Das teilte die EKR der SVP in einem Brief mit. Im Schreiben vom 25. September, das dieser Redaktion vorliegt, fordert die EKR die SVP dazu auf, die Sujets von der Website zu entfernen und deren Verbreitung in den sozialen Medien zu stoppen. (Lesen Sie zum Thema: Kriminalität – Wie viele von 100 Ausländern straffällig werden – und was hinter dieser Zahl steckt)

«Neue Normalität» ist mit einem Fragezeichen versehen

Nun hat die SVP das Schreiben beantwortet. Sie zeigt sich befremdet und empört. Die SVP fordert ihrerseits die EKR auf, ihre «ungeheuerlichen und antidemokratischen Unterstellungen» sofort zurückzuziehen. Die SVP sieht sich in ihrer Meinungsäusserungsfreiheit verletzt. Auf Anfrage wählt die Partei noch schärfere Worte: Sie spricht von «Zensur». Die EKR verbiete die SVP-Kampagne.

Verbieten kann die EKR der SVP freilich nichts. Gehört es nicht ebenfalls zur Meinungsäusserungsfreiheit, dass sie eine Kampagne kritisieren darf? SVP-Wahlkampfleiter Marcel Dettling sagt dazu: «Dann hätte die EKR die Kampagne öffentlich kritisieren müssen.» Sie habe dies aber heimlich getan, in einem Brief an die SVP. Damit übe die Kommission Druck aus, und das lasse sich die SVP nicht bieten. Bei anderer Gelegenheit hatte die SVP gefordert, dass sich die EKR nicht in Abstimmungs- und Wahlkämpfe einmischt.

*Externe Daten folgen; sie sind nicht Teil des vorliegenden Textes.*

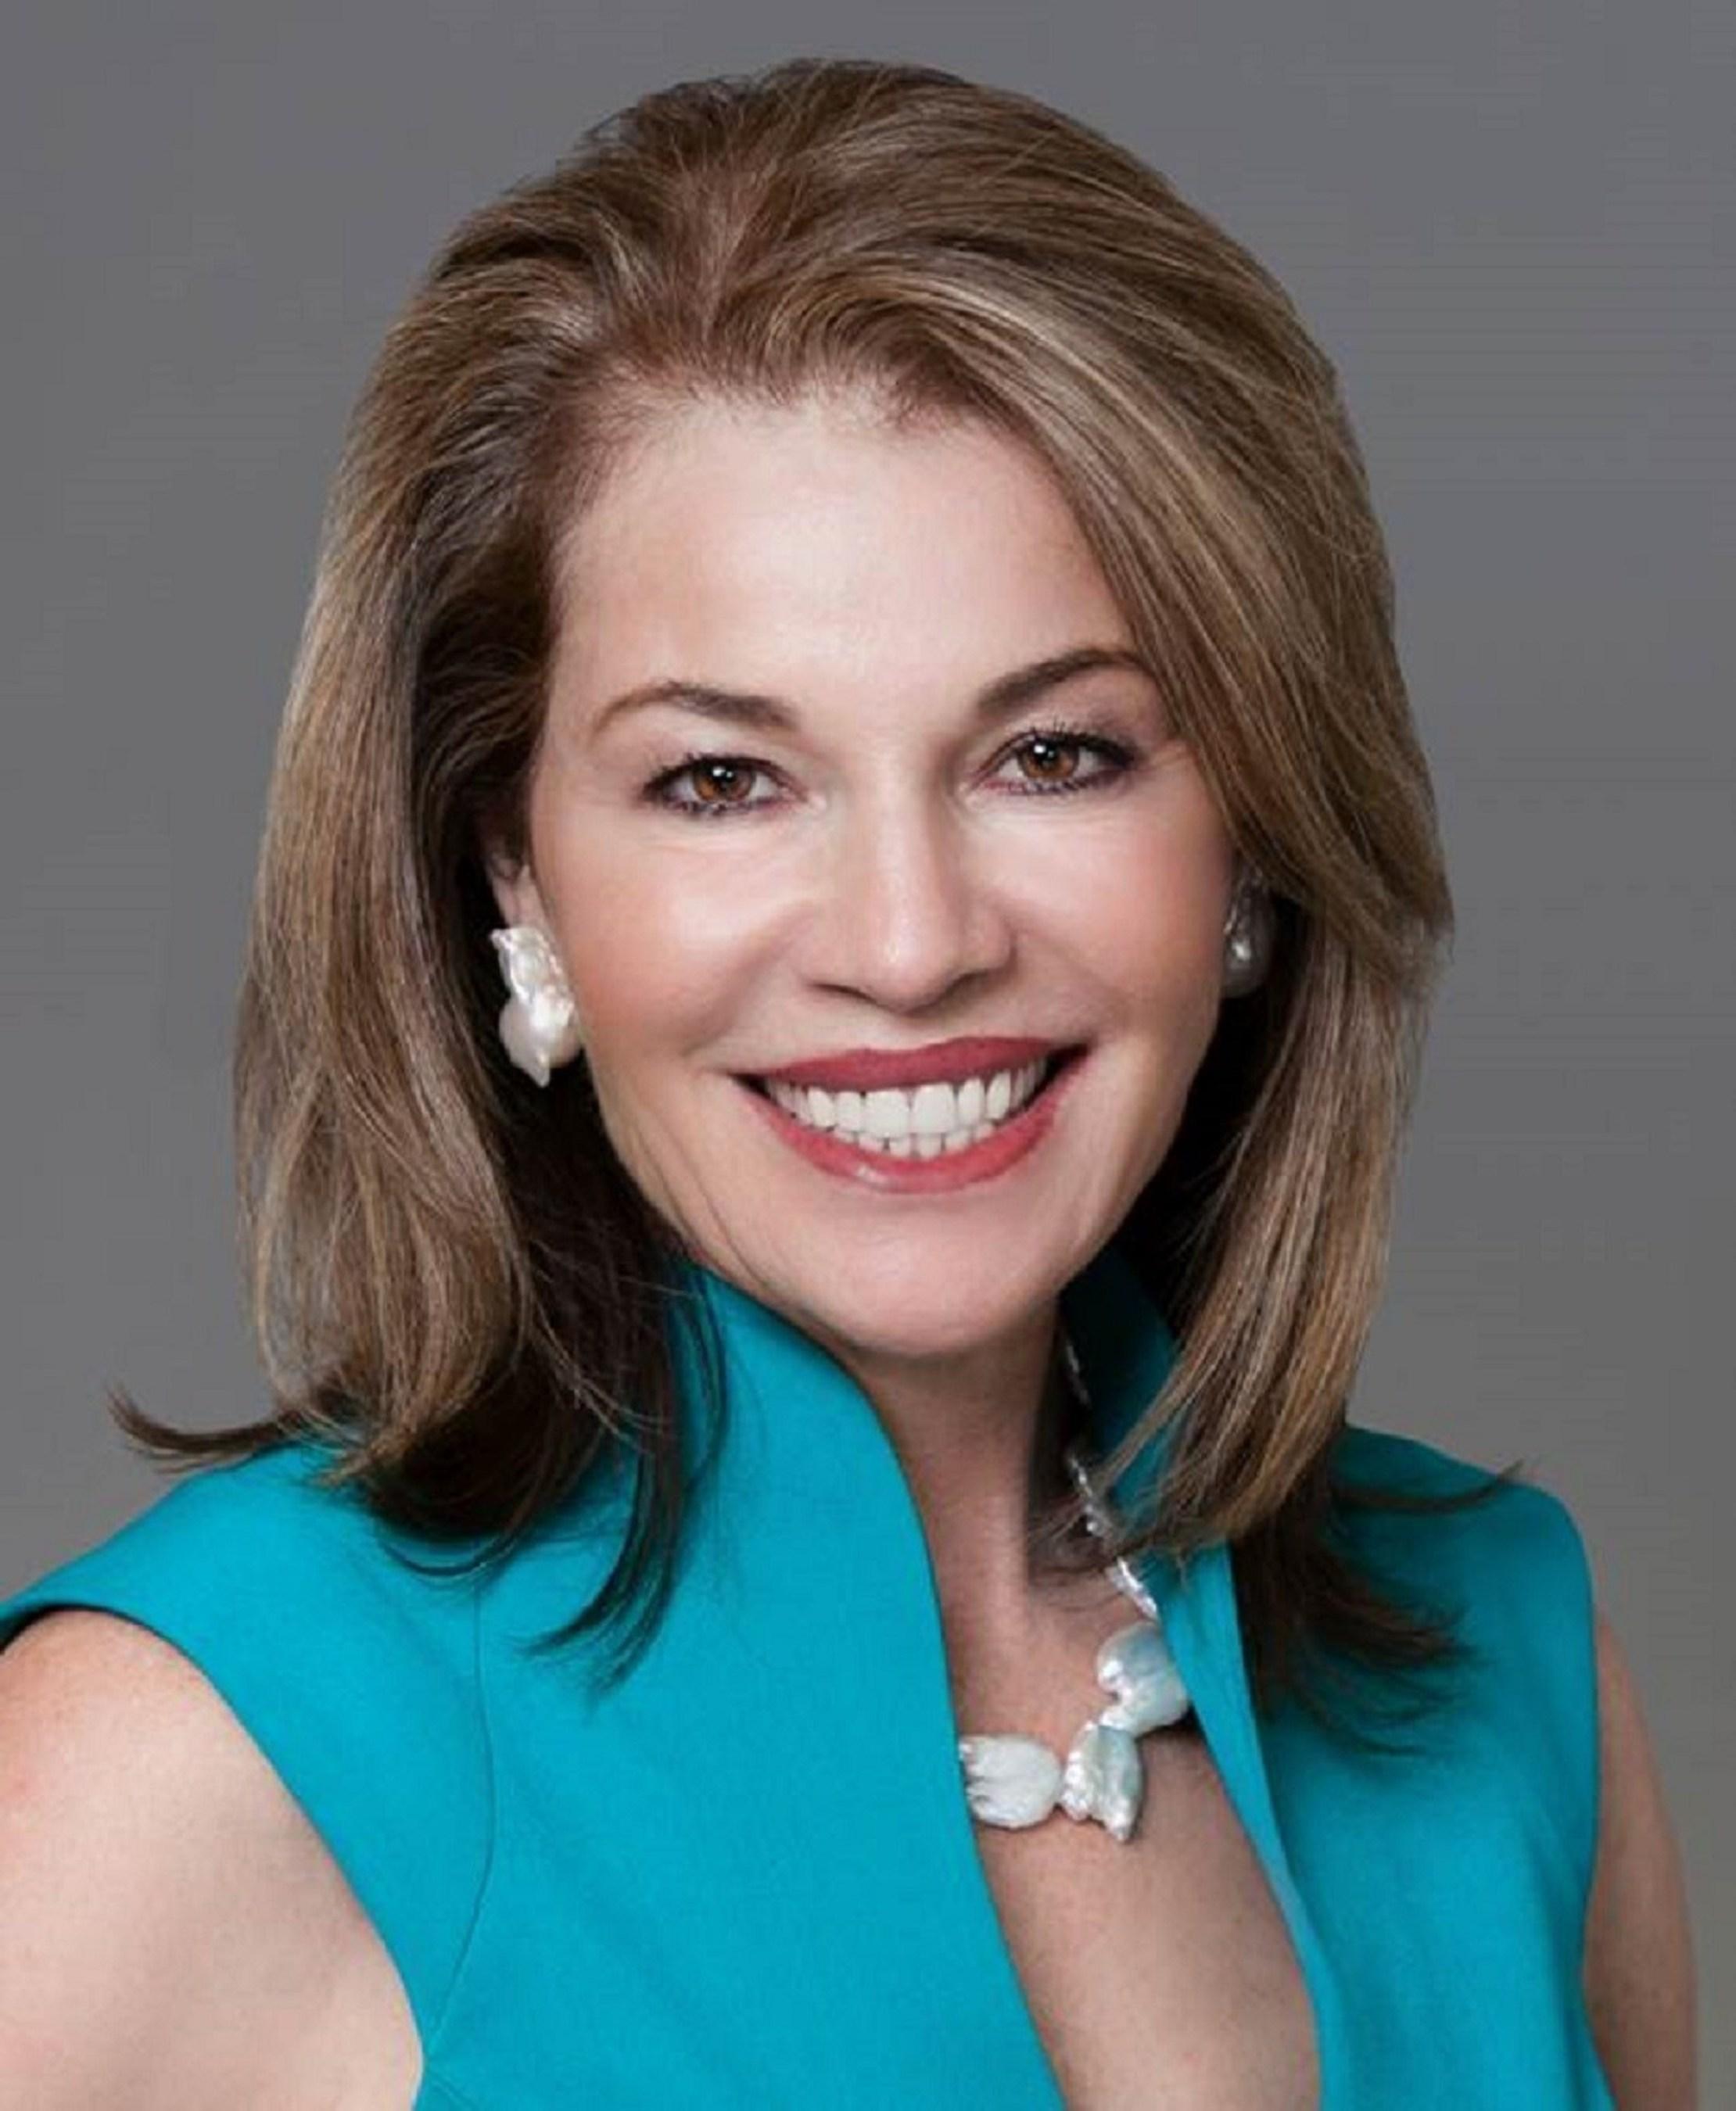 Teresa Carlson, Vice President Worldwide Public Sector, AWS, Inc.

Die Kampagne seiner Partei erachtet Dettling als unproblematisch. Sie greife konkrete, dokumentierte Fälle von Kriminalität auf und enthalte keine Verallgemeinerungen. Der Slogan «neue Normalität» sei mit einem Fragezeichen versehen. Damit zieht die SVP auch Lehren aus dem Messerstecher-Inserat, mit dem sie laut einem Bundesgerichtsurteil die Anti-Rassismus-Strafnorm verletzt hat: Die Aufschrift «Kosovaren schlitzen Schweizer auf» war verallgemeinernd.

«Wir haben die Aufgabe, auf Dinge hinzuweisen, die in der Gesellschaft ein feindseliges Klima gegenüber bestimmten Gruppen schaffen.»

Martine Brunschwig Graf, Präsidentin EKR

Die SVP dreht nun den Spiess um und verwendet die Kritik der EKR für ihre eigenen Zwecke. Sie will diese als neues Inseratesujet verwenden. Die Botschaft: «Achtung Zensur: Die Anti-Rassismus-Kommission will nicht, dass Sie dieses Inserat lesen.» 

Dient es also der SVP im Wahlkampf, von der EKR kritisiert zu werden? Dettling verneint. Das Beispiel zeige aber, wie im Wahlkampf versucht werde, die SVP zu diskreditieren. Zurzeit würden ohnehin alle SVP-Vertreter als Rechtsextreme dargestellt. 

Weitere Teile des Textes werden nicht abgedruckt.